*** Opening of The data ***
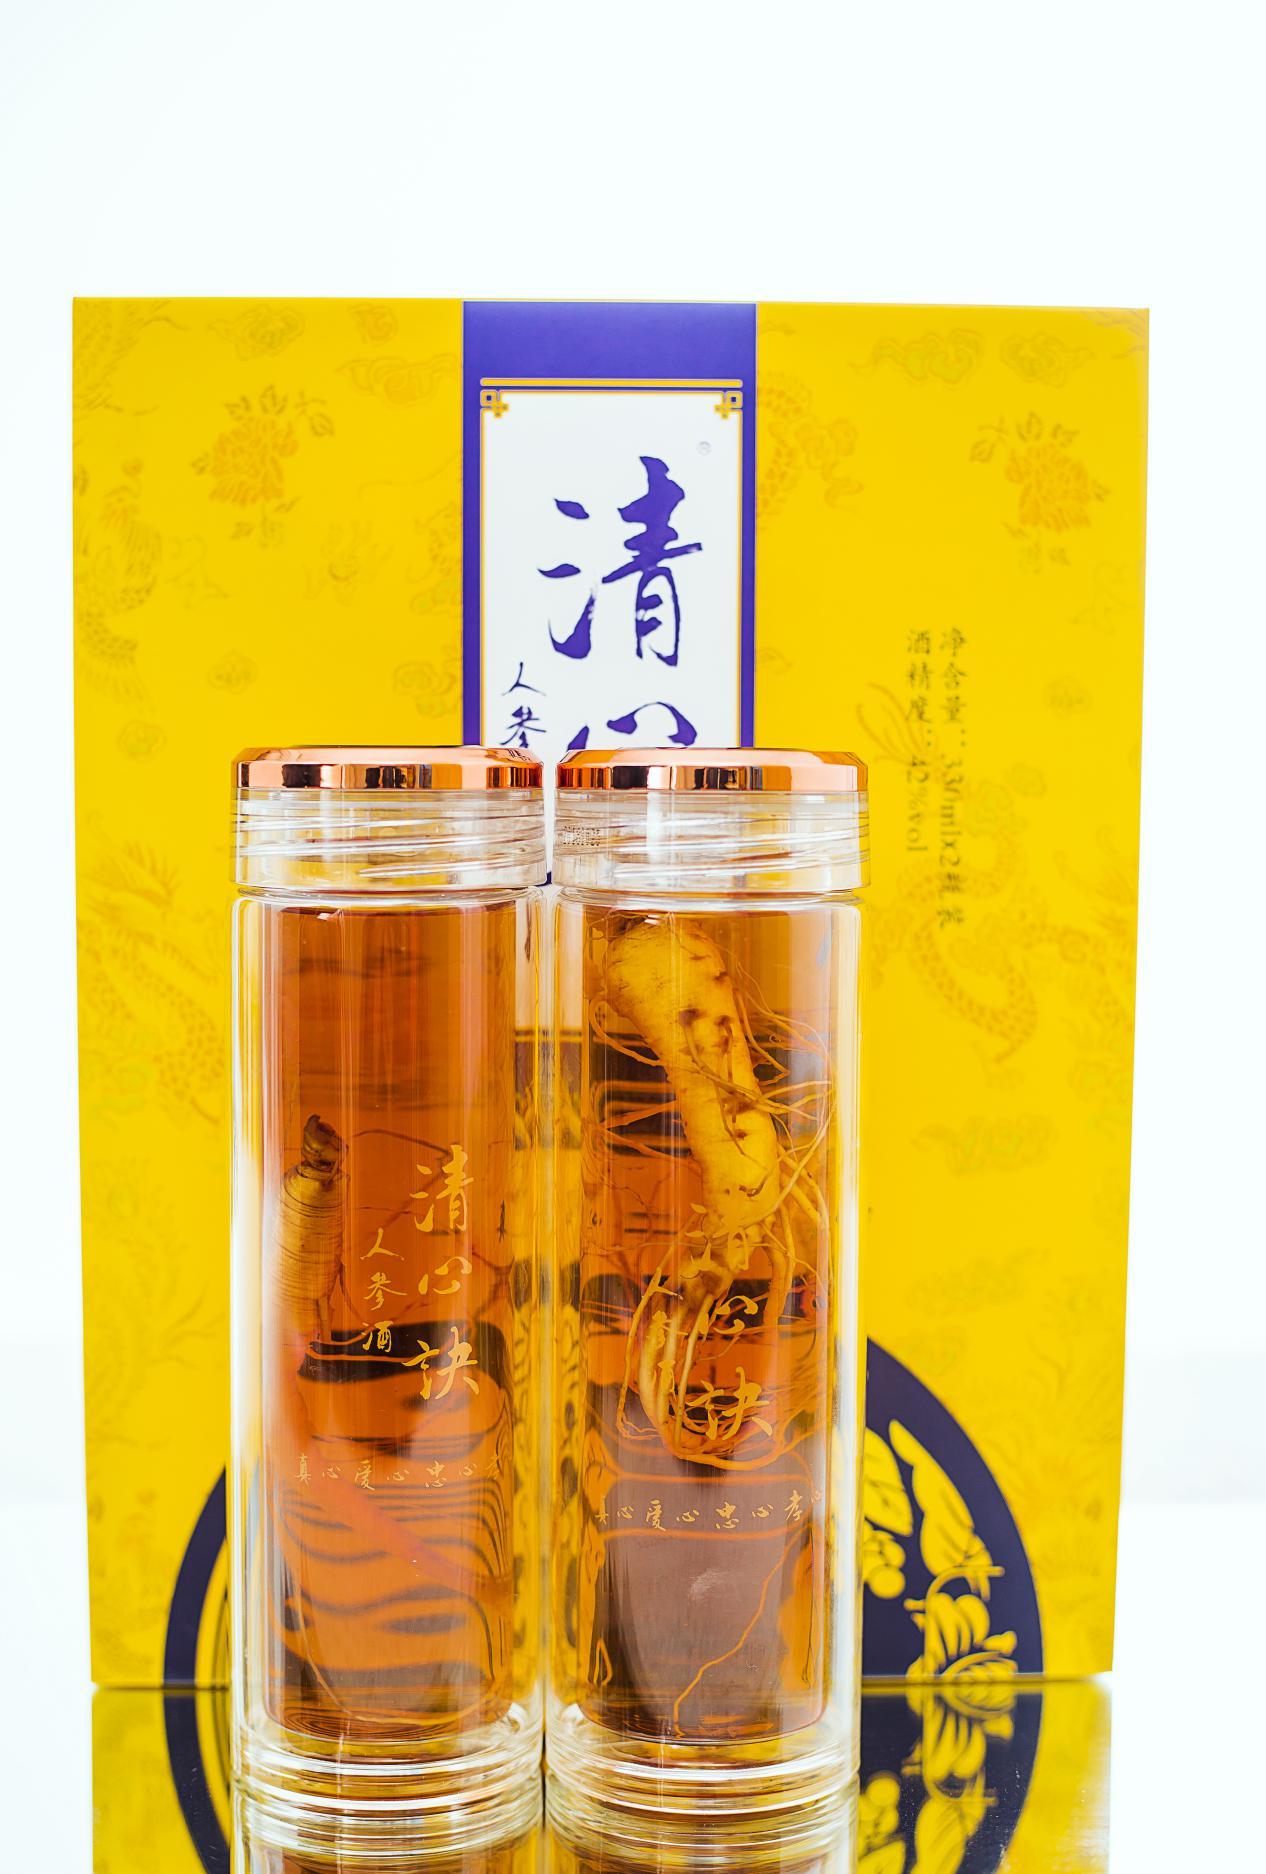 传统,白酒,市场,文化,消费 好品质+新营销,清心决人参酒必将引爆养生礼品酒市场! 中国酒业第一论坛 白酒招商
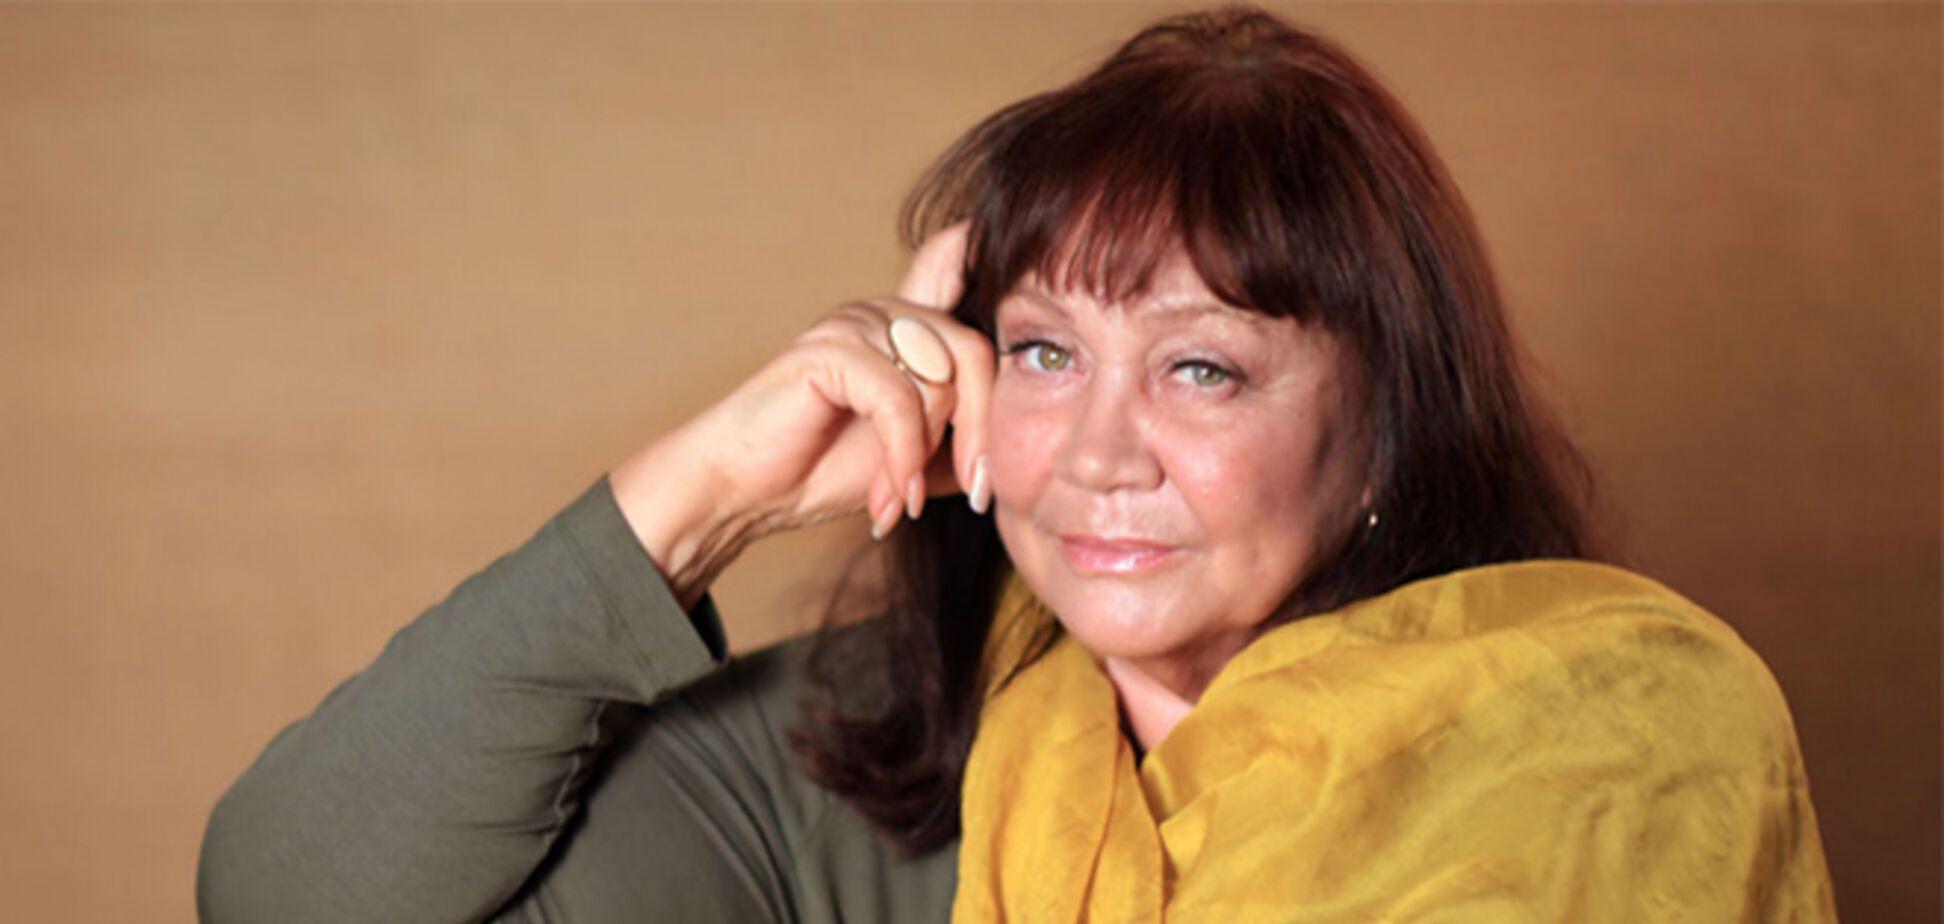 Кинозвезда СССР Лужина рассказала о трагедии в семье: виновен коронавирус
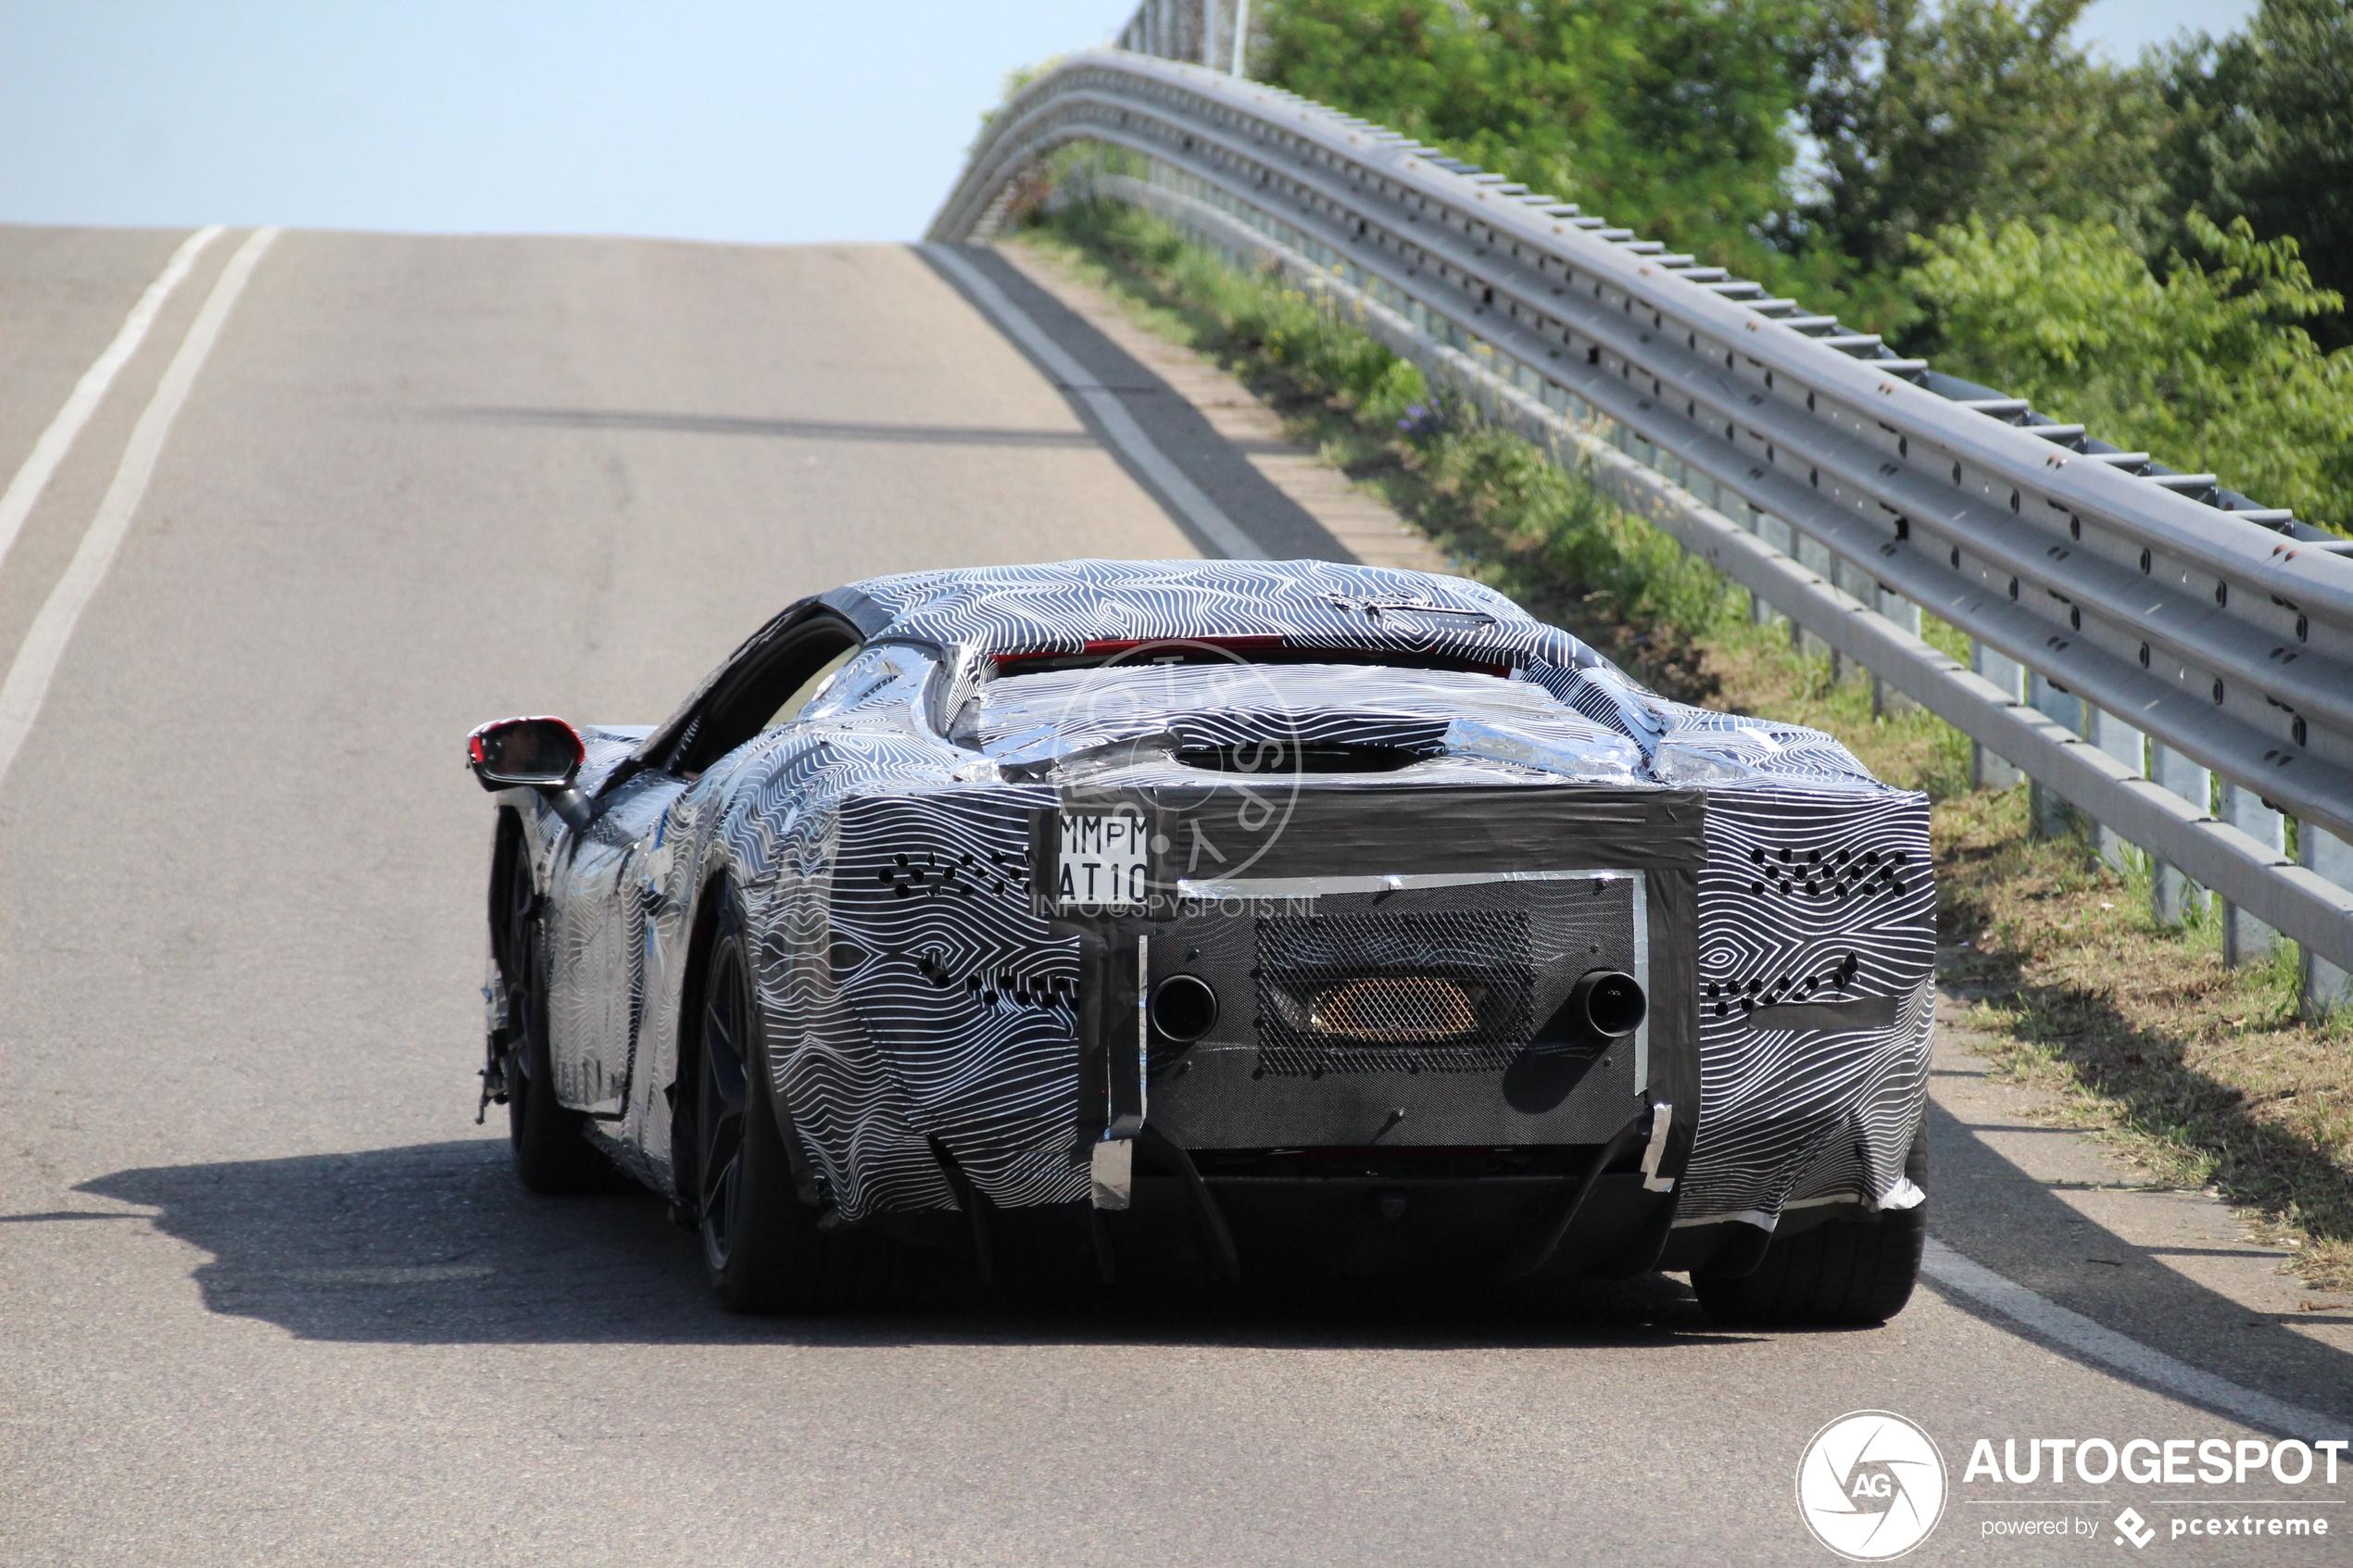 Zien we hier de opvolger van de Ferrari F8 Tributo?
*** Close of The data ***
§ Exercise
Return the full listing above verbatim, please, but without its images.

§ Finished task
 传统,白酒,市场,文化,消费 好品质+新营销,清心决人参酒必将引爆养生礼品酒市场! 中国酒业第一论坛 白酒招商
 Кинозвезда СССР Лужина рассказала о трагедии в семье: виновен коронавирус
 Zien we hier de opvolger van de Ferrari F8 Tributo?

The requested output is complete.